2.1.2 Synthesis of 3,3′-oxybis(2-azidopropan-1-ol) (5). Compound 5 was obtained by hydrolysis of acetoxy group in compound 4 (1 g, 1 equiv., 3.33 mmol) using Dowex 50wx8 (500 mg) and methanol (10 mL) as a solvent. The reaction was stirred for 12 h at 50 °C. After 12 h Dowex was filtered out and the methanol was evaporated. The compound was obtained as a viscous liquid (0.498 g, 90% yield).

2.1.3 General procedure for the synthesis of oxybis(2-azidopropane-1,3-diyl)didodecanoate (6)/oxybis(2-azidopropane-1,3-diyl)dipentadecanoate (7). To the stirred solution of compound 5 (300 mg, 1 equiv., 1.39 mmol) and dodecanoic acid/pentadecanoic acid (610 mg/721 mg, 2.2 equiv., 3.04/3.01 mmol) in anhydrous dichloromethane (5 mL), N-(3-dimethylaminopropyl)-N-ethyl-carbodiimide hydrochloride (EDC·HCl) (3 equiv., 798 mg, 4.16 mmol) was added followed by addition of 4-dimethylaminopyridine (DMAP) (1.2 equiv., 203 mg, 1.63 mmol) at 0 °C. The reaction mixture was stirred at 25 °C for 12 h. After completion of the reaction DCM was evaporated under reduced pressure and the crude product so obtained was extracted with ethyl acetate (3 × 50 mL). The organic layer was dried over anhydrous sodium sulphate and then the solvent was evaporated and the compound was purified by column chromatography using a mixture of ethyl acetate and hexane to yield the target compound.

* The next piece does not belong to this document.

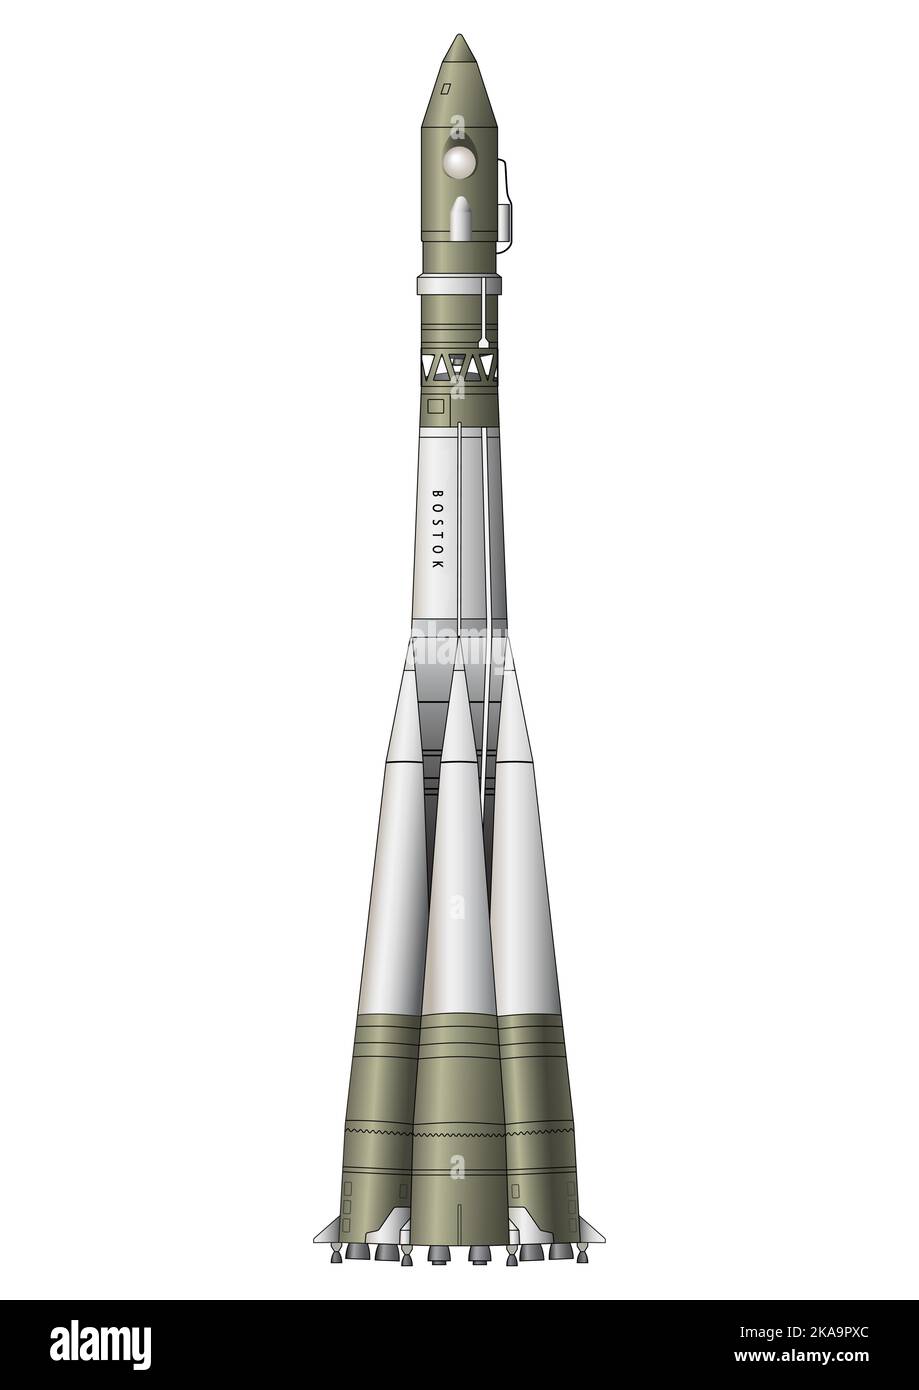 Vostok 1 - the first rocket that transported man into space Stock Vector

2.1.3.1 Oxybis(2-azidopropane-1,3-diyl)didodecanoate (6). Hydrophobic chain was incorporated on the diglycerol core by esterification of compound 5 with dodecanoic acid to yield compound 6 as a yellow colored viscous oil (0.645 g, 80% yield). IR (KBr) ν_max: 2923, 2854, 2098, 2100, 1600, 1460, 1263, 1120 cm⁻¹; ¹H NMR (400 MHz, CDCl₃): δ 0.87 (t, 6H, J = 6.8 Hz, H-12′), 1.25–1.28 (m, 32H, H-4′ to H-11′), 1.59–1.64 (m, 4H, H-3′), 2.34 (t, 4H, J = 7.6 Hz, H-2′), 3.59–3.62 (m, 4H, 2 × H-1), 3.65–3.77 (m, 2H, 2 × H-2), 4.09–4.26 (m, 4H, 2 × H-3); ¹³C NMR (100.5 MHz, CDCl₃): δ 14.18 (C-12′), 22.75 (C-11′), 24.90, 29.31, 29.40, 29.52, 29.70, 31.97, 34.12 (C-2′ to 10′), 59.63 (C-2), 63.24 (C-1), 71.10 (C-3), 173.42 (C-1′); HRMS: m/z [M + H]⁺ calculated for C₃₀H₅₆N₆O₅: 581.4349; found: 582.4684.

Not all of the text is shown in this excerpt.